Earthquake
(from Seven Words)
The voices of self are ended. A sepia
penumbra clears round a moon of blood.
The ancient temple cloth, purple thread
twisted with blue
and scarlet, thick linen protecting other people
all these years you’ve lived
from what is dangerous and sacred,
tears in two. Earth trembles and will not stop.
Feldspar, formed on the abyssal plain
of the ocean floor
splits presto and goes on splitting. Rocks crack
like cannon-fire
and distant mountains of East Nazareth
echo in aftershock
over limestone braille
in the Dead Sea Rift or Fault
over aquifers, flint and fissured chalk
and barbed wire
on the Mount of Olives.
Violence. Take your finger off the edge
and it snaps back like a rubber band
shaking our ground from top to bottom.
Buckling. Compression. A spear jabs through
one interspace between the ribs
and water gushes out with blood from the fluid sac.

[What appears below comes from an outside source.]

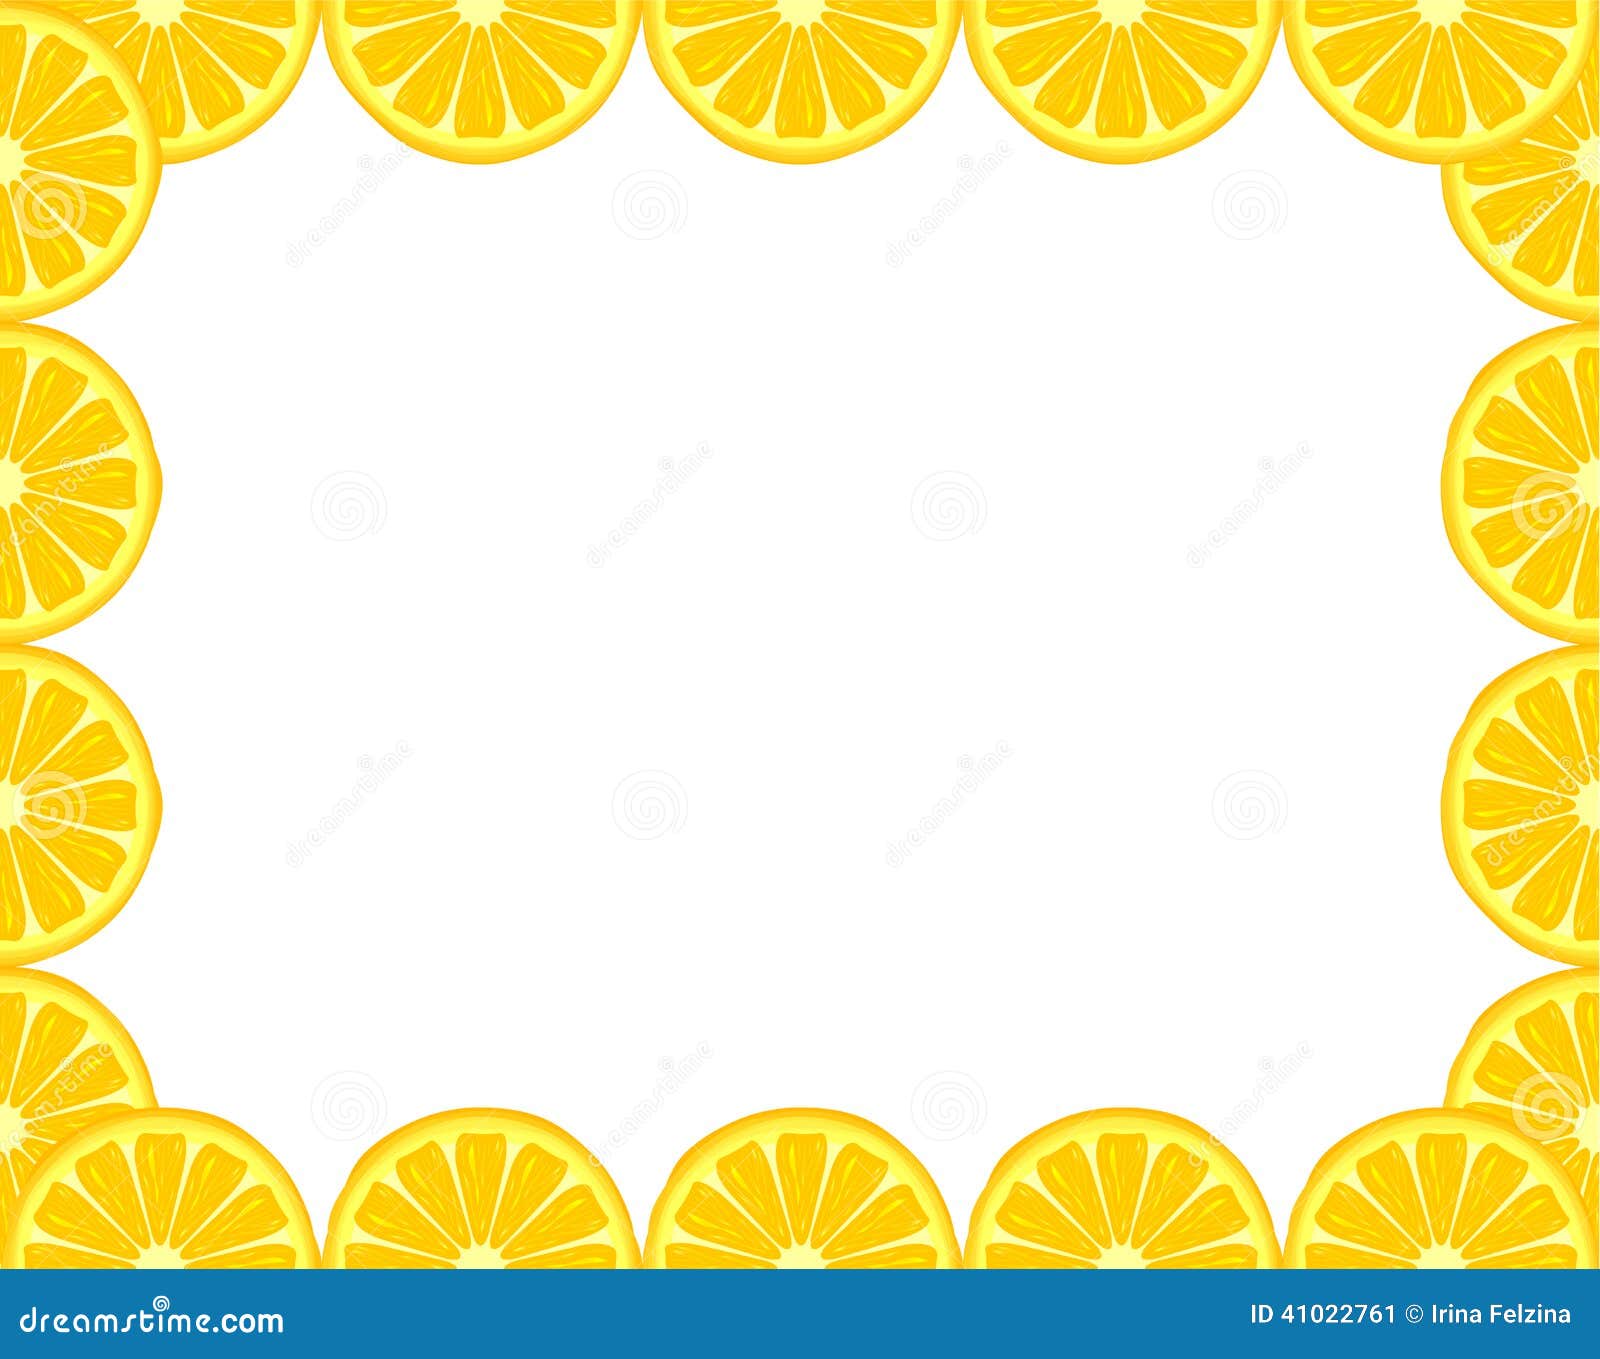 lemon border clip art - photo #12

This is the end of everything you’ve been.
God is what God does. You are the earth.
The outer world, body’s integument, the layers
of all that’s happened in a life,
the bastions of defence and muddled litter
of experience, are bleeding out like dye
into a shroud. We are rhythmic animals
and our prayer
is breath. We don’t need veil:
the mystery we call soul
is no password-protected secret
but an invitation.
You’ll get there. You’re neither victim
nor a hero. You’ve come home
to new
possibilities of you. The night glides by.
Clouds move silver fast and free across the sky.